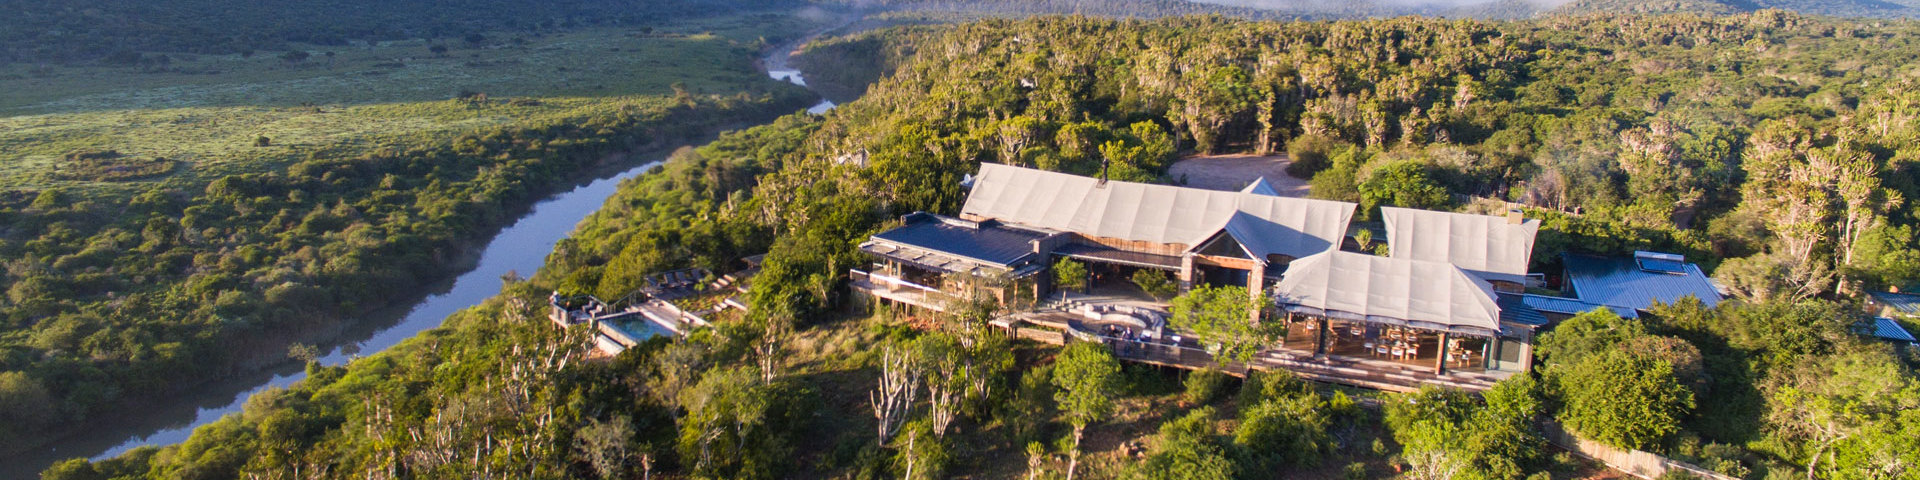 Kariega Game Reserve Aerial View
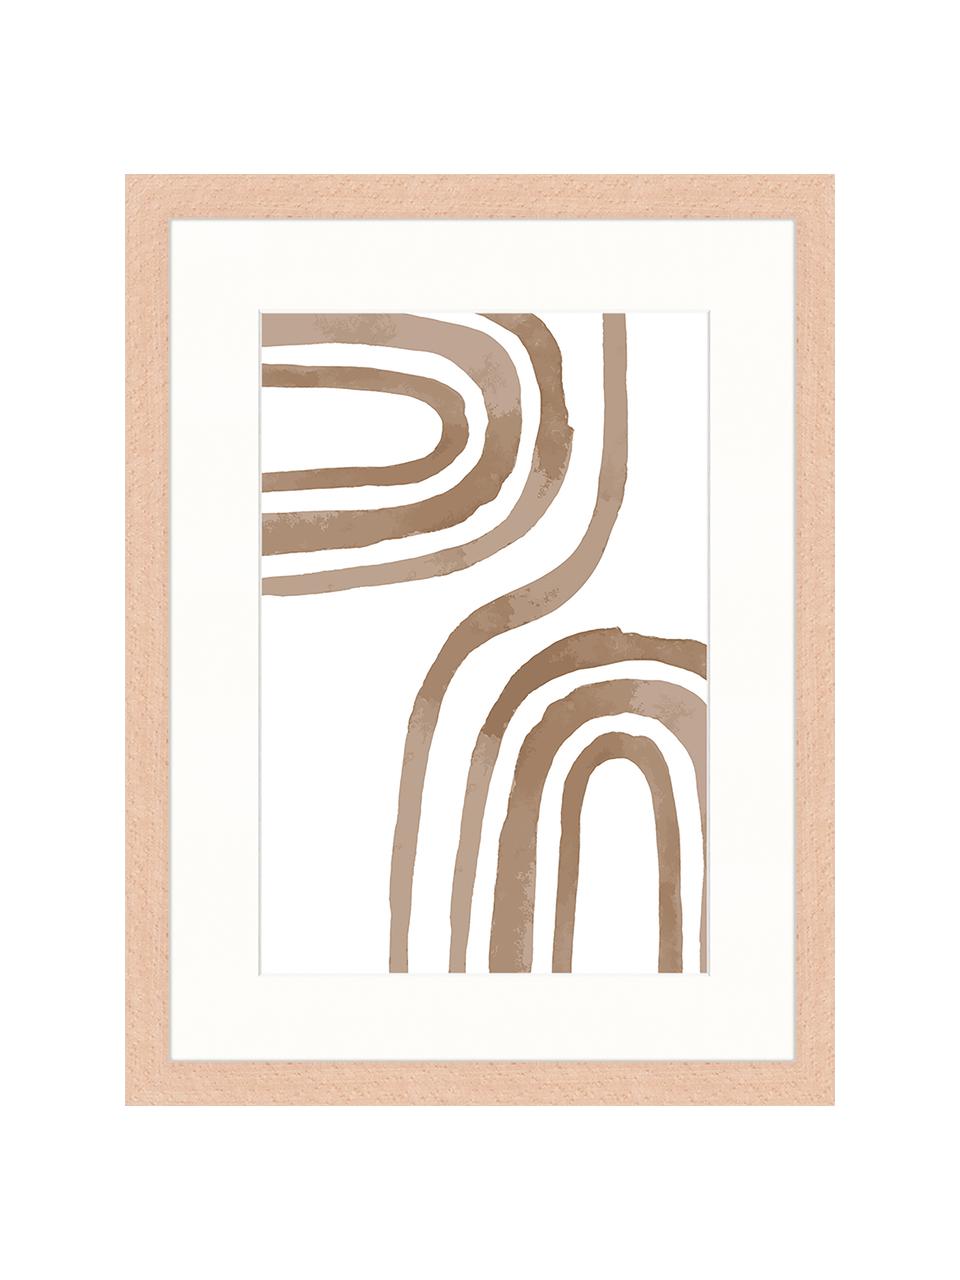 Gerahmter Digitaldruck Modern Poster, Bild: Digitaldruck auf Papier, , Rahmen: Holz, lackiert, Front: Plexiglas, Braun, Weiß, B 33 x H 43 cm
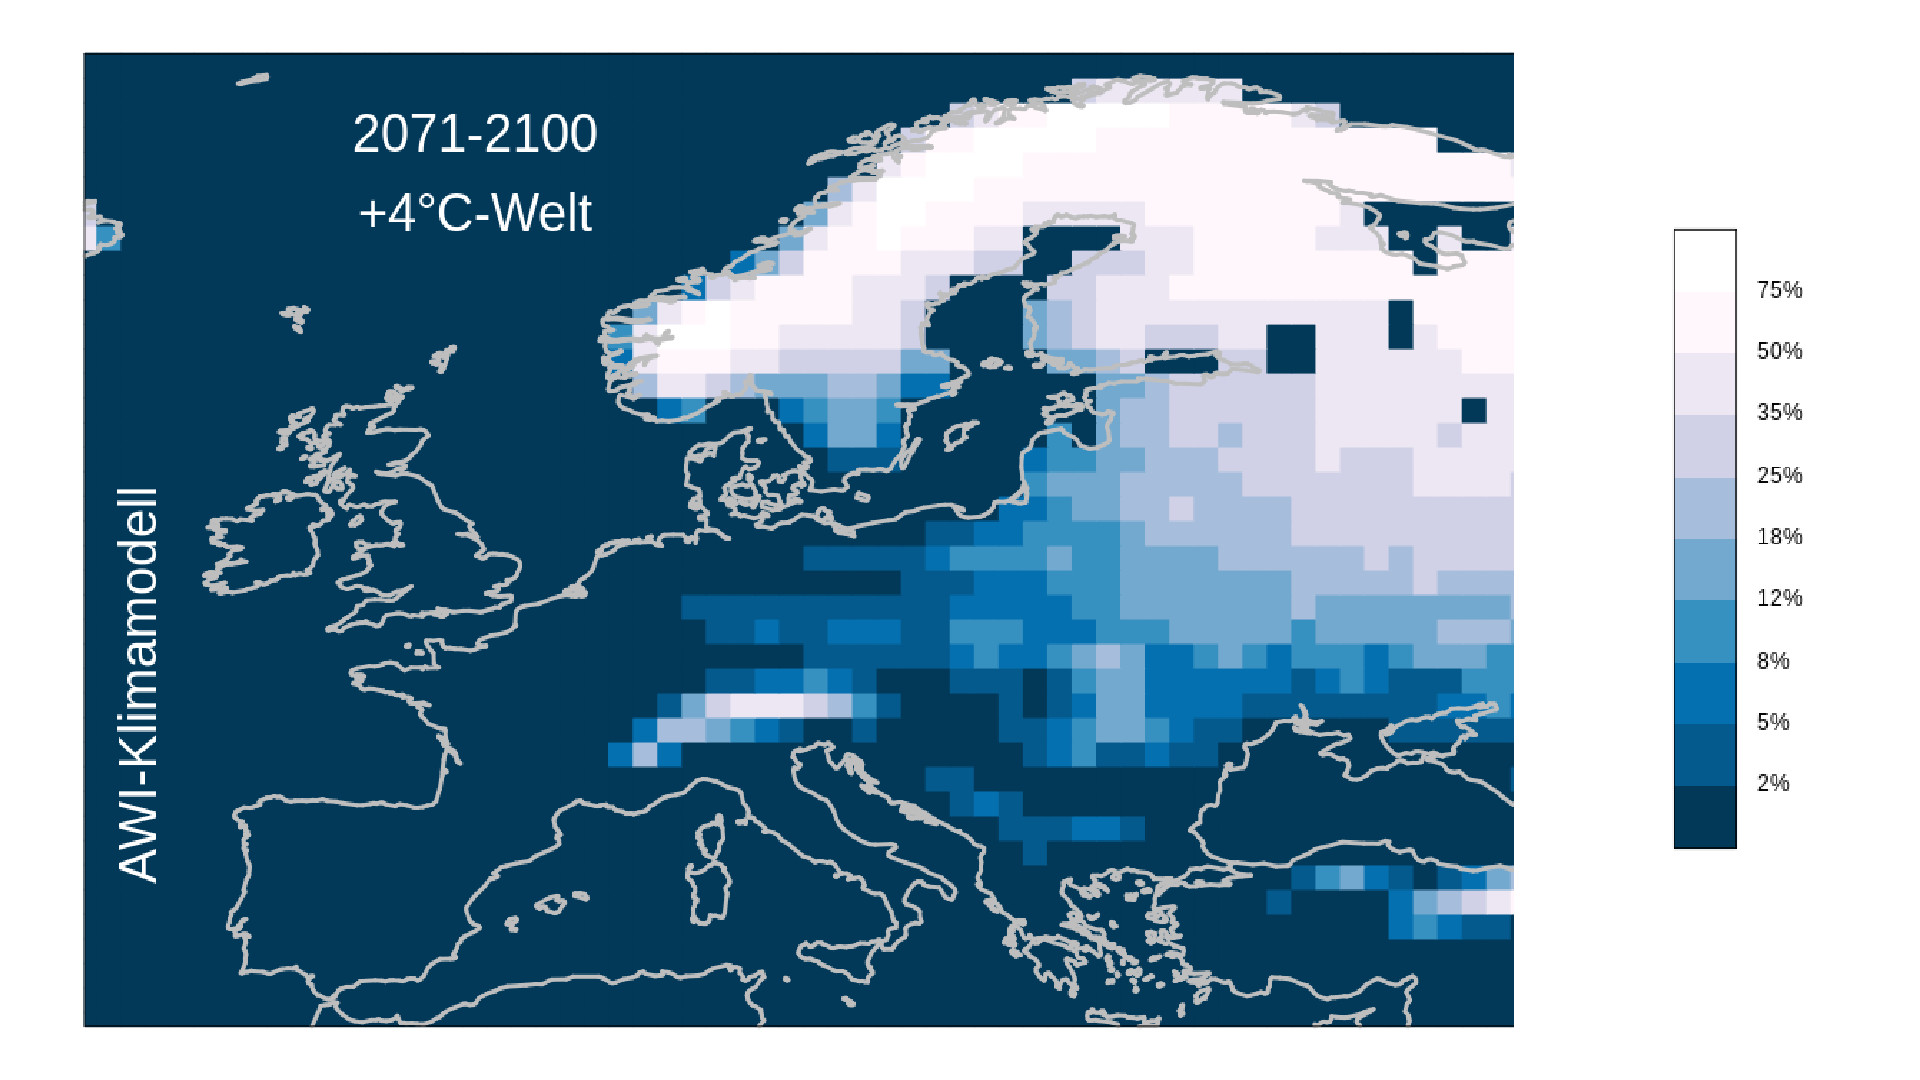 Karte von Europa, die auf einer Farbskala von Weiß bis Blau zeigt, welche Wahrscheinlichkeiten im Modell für Schnee bei der globalen Erwärmung von 4 Grad bestehen

------------------------------------------------------------

Work task
Without the pictures, repeat the line with "Gerahmter Digitaldruck Modern" and every line after it to the end of the listing, and nothing else.

Exercise answer
 Gerahmter Digitaldruck Modern Poster, Bild: Digitaldruck auf Papier, , Rahmen: Holz, lackiert, Front: Plexiglas, Braun, Weiß, B 33 x H 43 cm
 Karte von Europa, die auf einer Farbskala von Weiß bis Blau zeigt, welche Wahrscheinlichkeiten im Modell für Schnee bei der globalen Erwärmung von 4 Grad bestehen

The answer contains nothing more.